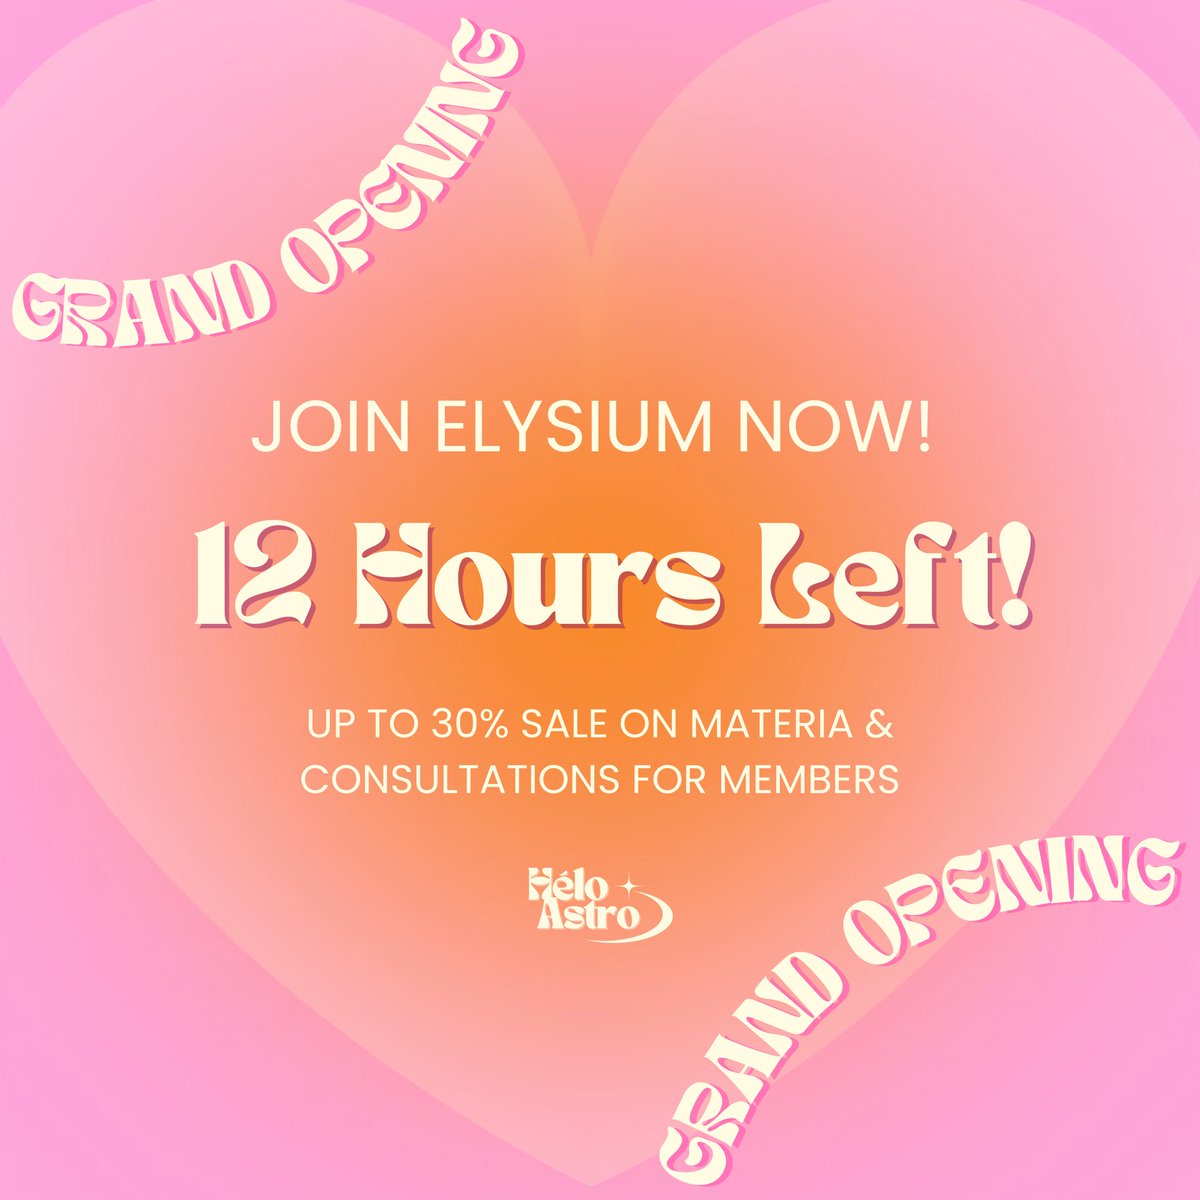 Final call for the Elysium Opening Sale!✨

There's less than 12 HOURS left to join Elysium, my monthly astro membership & receive up to 30% off ALL counsultations & talismanic materia!

Join now to access all the benefits of Elysium *and* these exclusive perks! Sale ends soon 💕
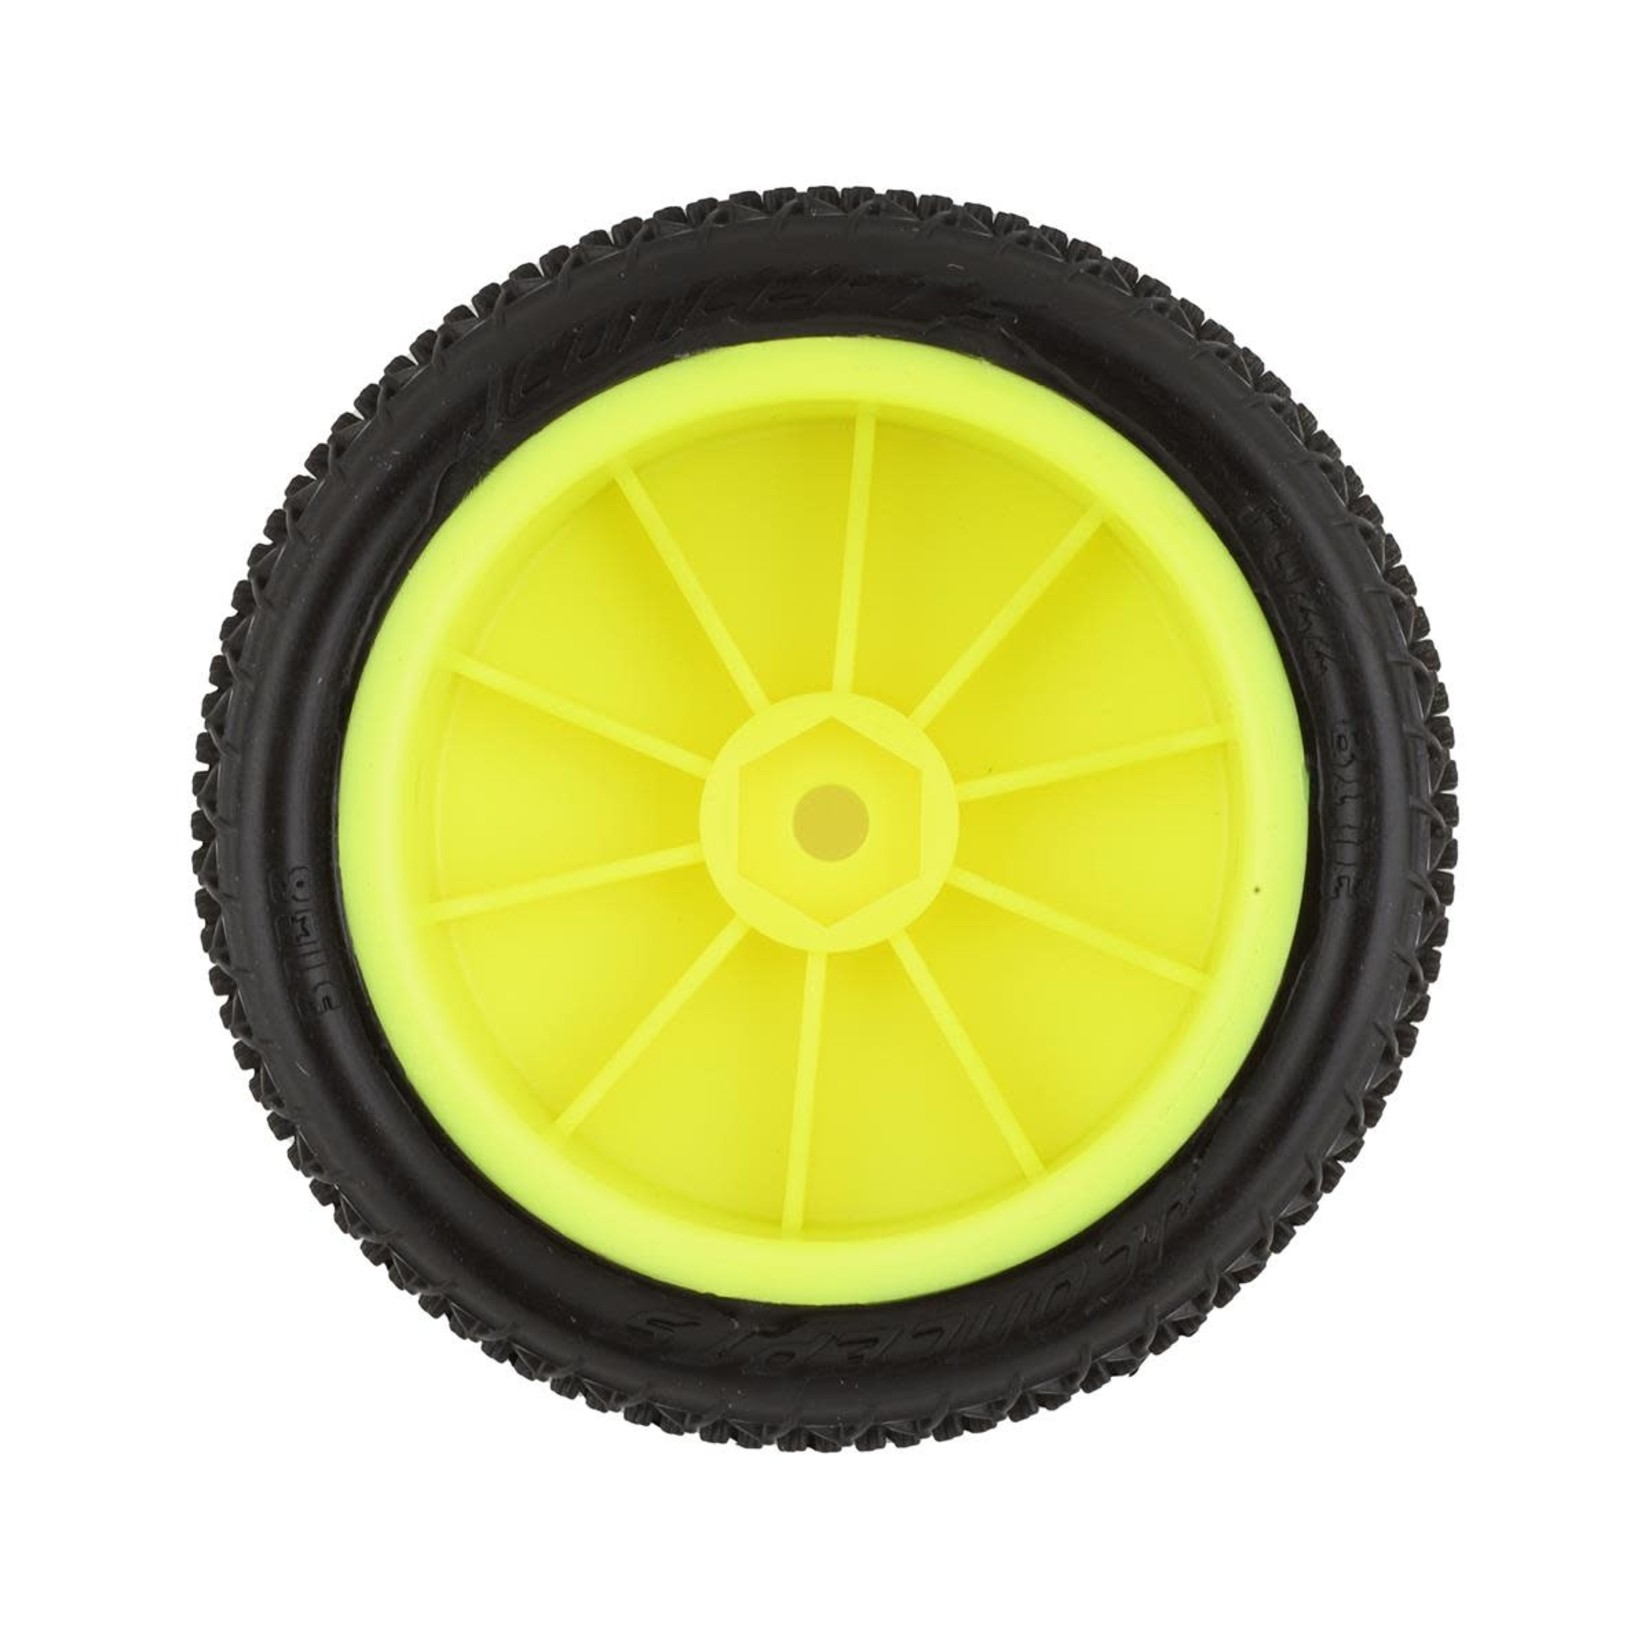 JConcepts JConcepts Fuzz Bite LP 2.2" Pre-Mounted 4WD Front Buggy Tire (Yellow) (2) (Pink) w/12mm Hex #3108-201011
====
▸ TASK DESCRIPTION: Make an exact copy of the listing above. Do not include the pictures.

▸ TASK RESULT:
 Final call for the Elysium Opening Sale!✨

There's less than 12 HOURS left to join Elysium, my monthly astro membership & receive up to 30% off ALL counsultations & talismanic materia!

Join now to access all the benefits of Elysium *and* these exclusive perks! Sale ends soon 💕
 JConcepts JConcepts Fuzz Bite LP 2.2" Pre-Mounted 4WD Front Buggy Tire (Yellow) (2) (Pink) w/12mm Hex #3108-201011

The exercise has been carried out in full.